_Your objective_
Give the listing again exactly, skipping any pictures it holds.

_Collected material_
========================================
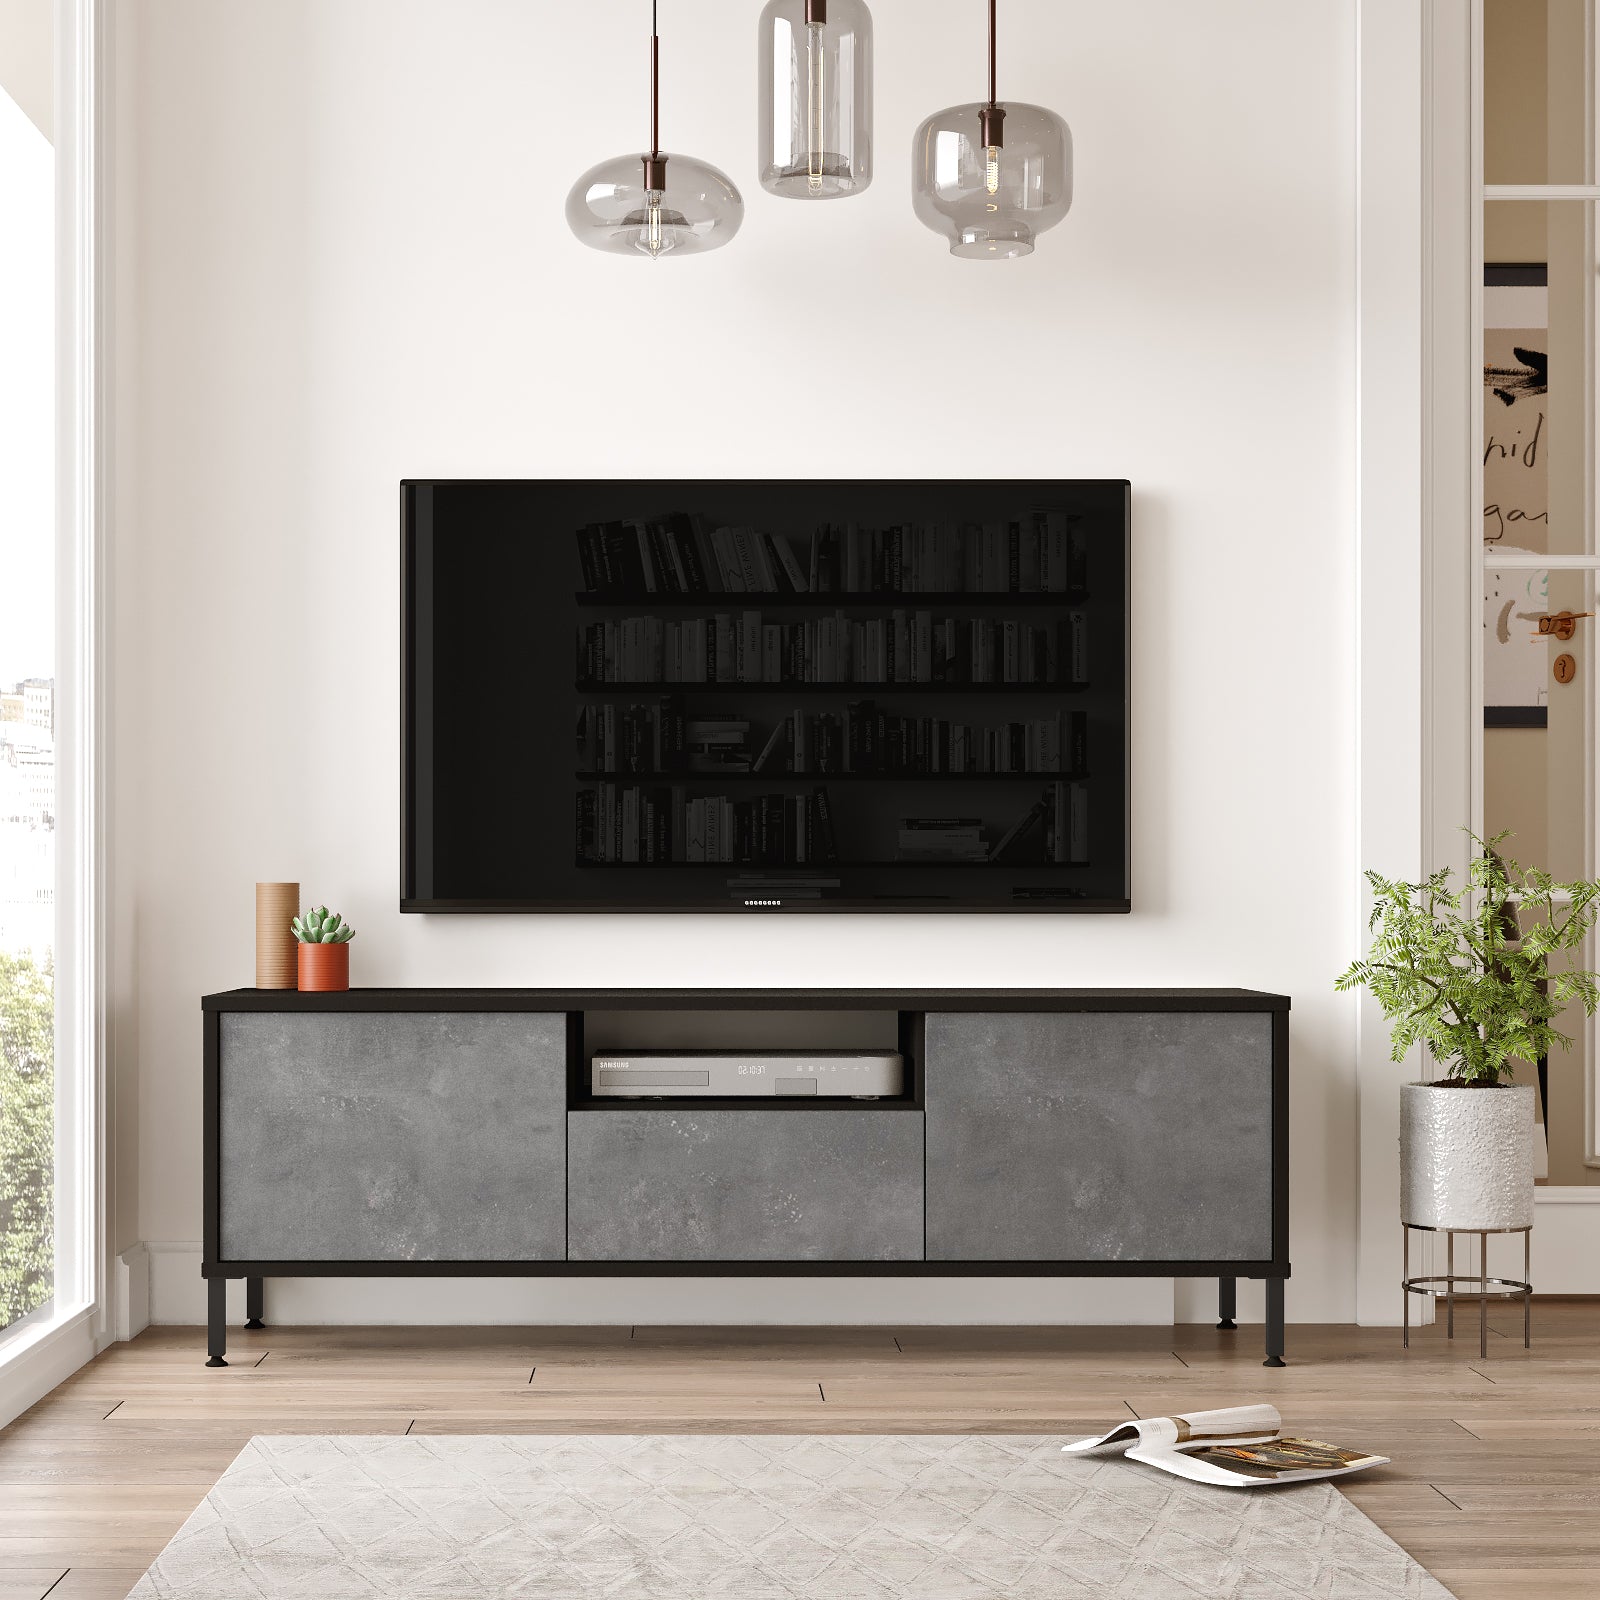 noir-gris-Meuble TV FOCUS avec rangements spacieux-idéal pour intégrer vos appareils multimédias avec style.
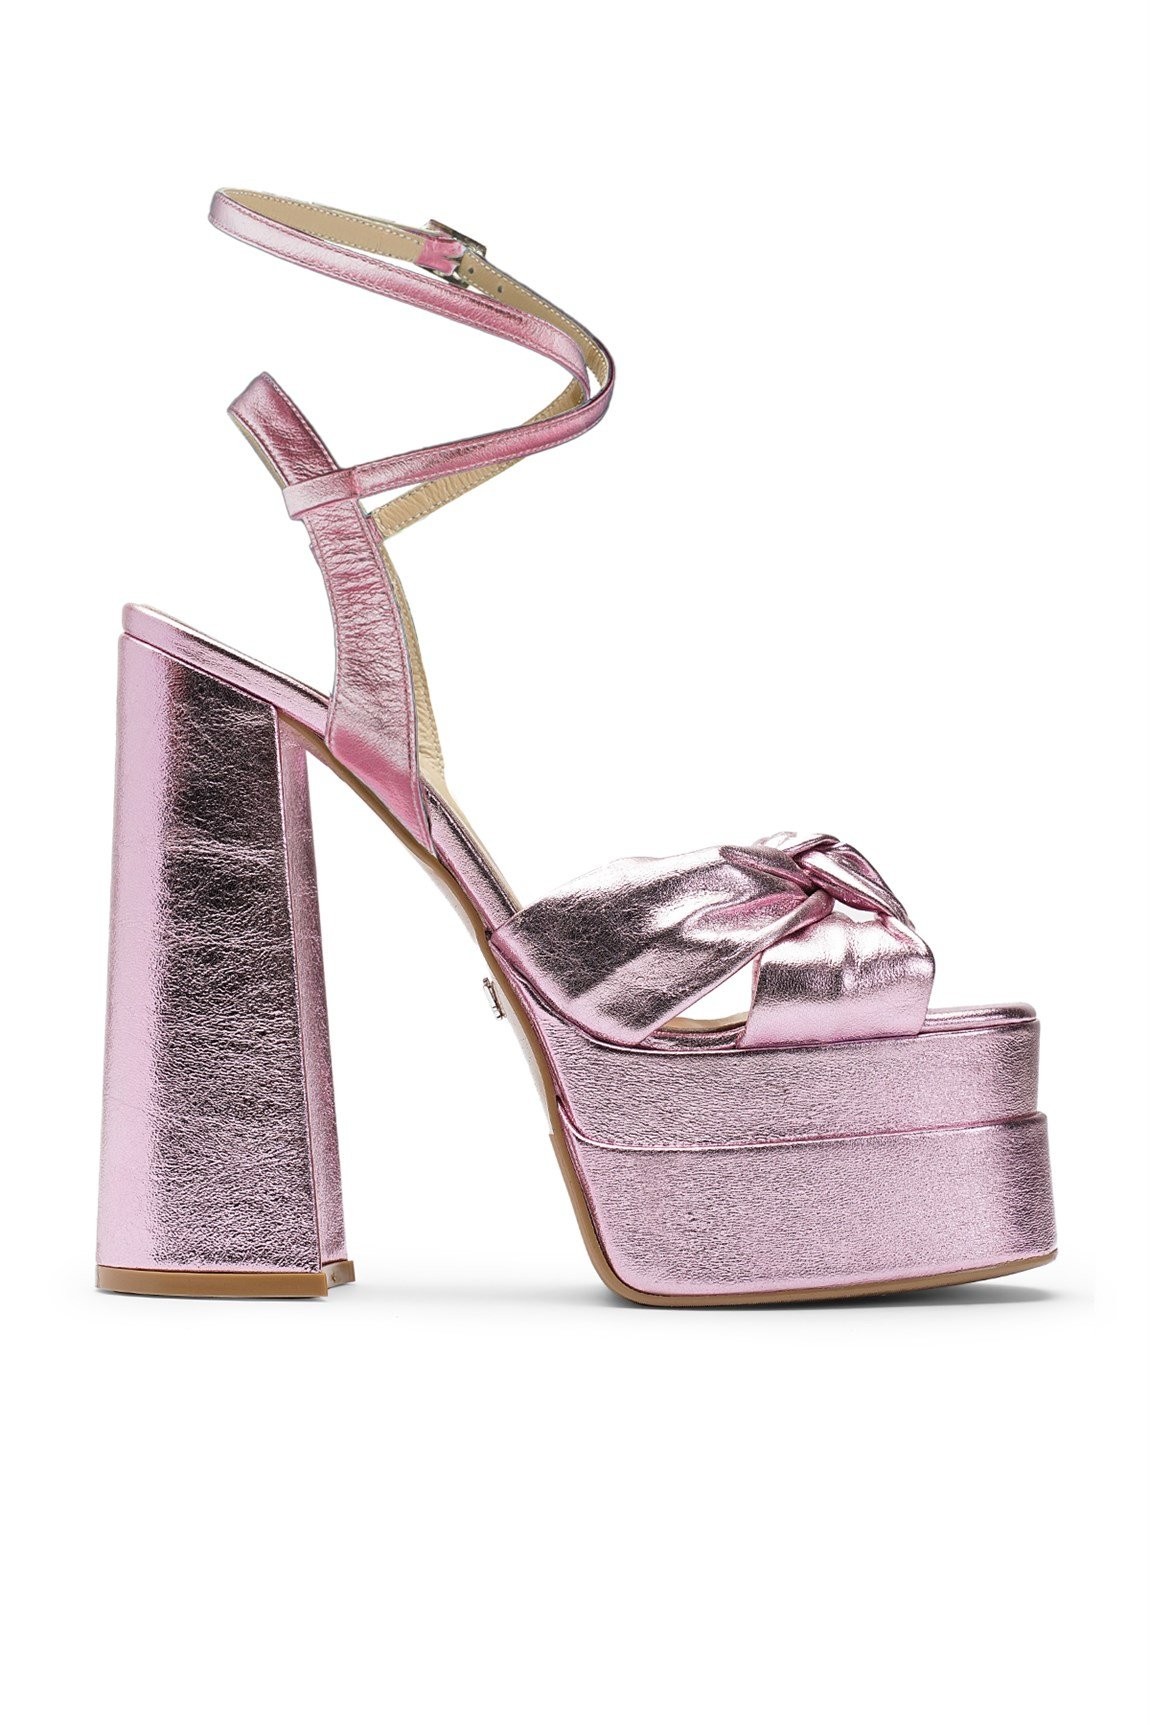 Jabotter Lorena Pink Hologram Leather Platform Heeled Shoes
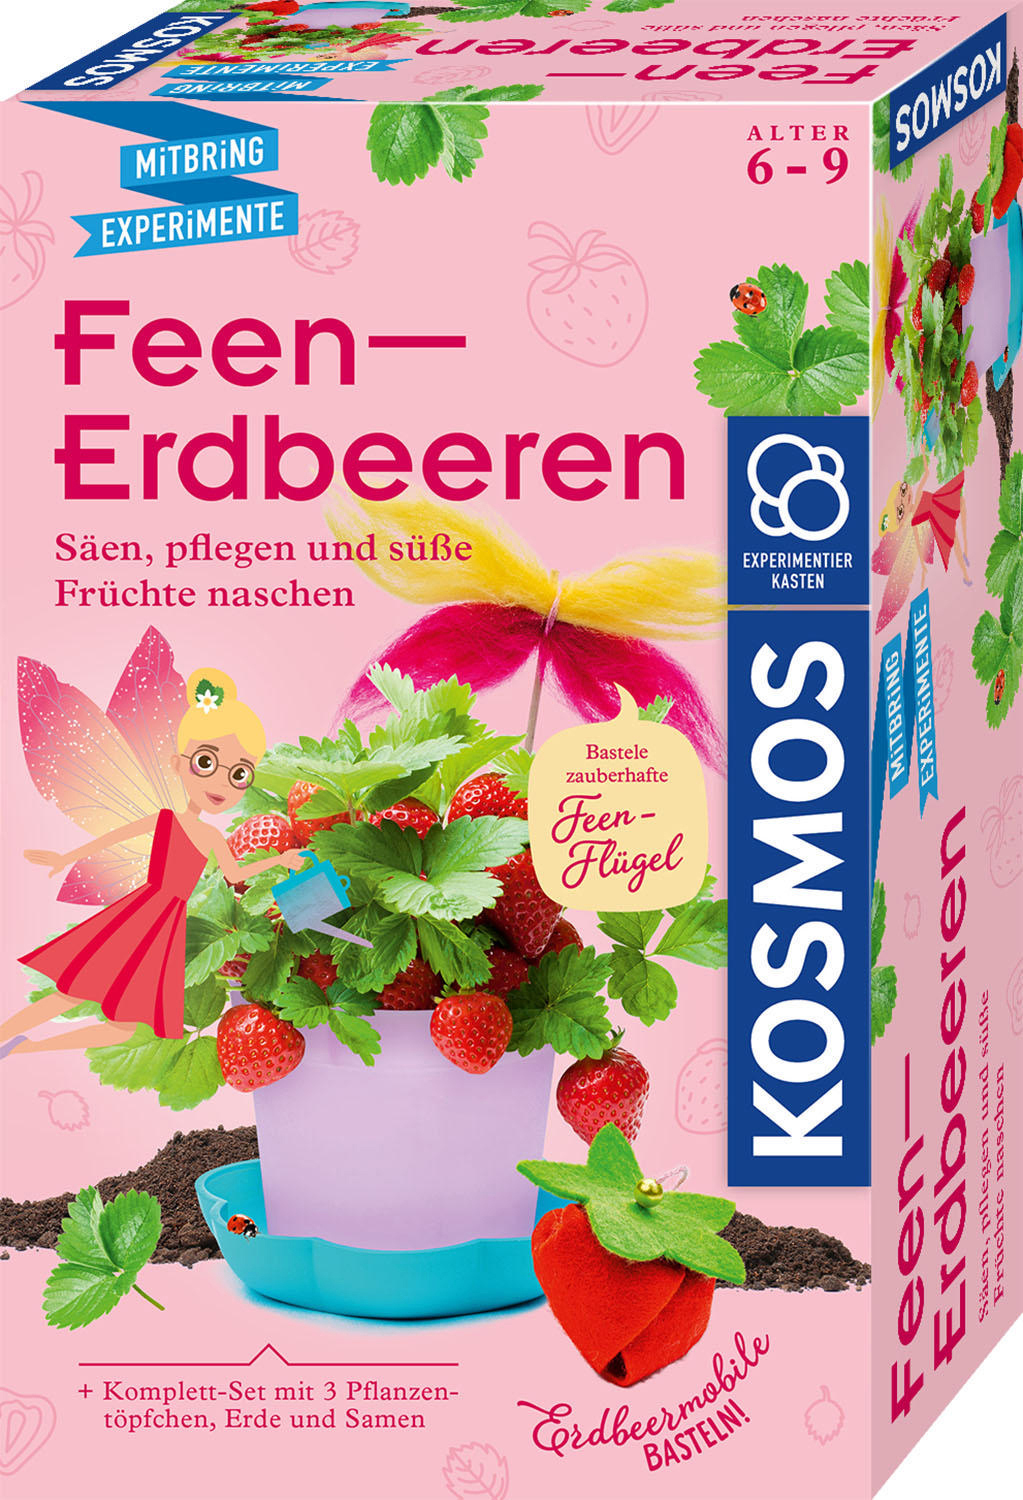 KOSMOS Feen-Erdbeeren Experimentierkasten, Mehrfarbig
========================================
_Answer for the task_
 noir-gris-Meuble TV FOCUS avec rangements spacieux-idéal pour intégrer vos appareils multimédias avec style.
 Jabotter Lorena Pink Hologram Leather Platform Heeled Shoes
 KOSMOS Feen-Erdbeeren Experimentierkasten, Mehrfarbig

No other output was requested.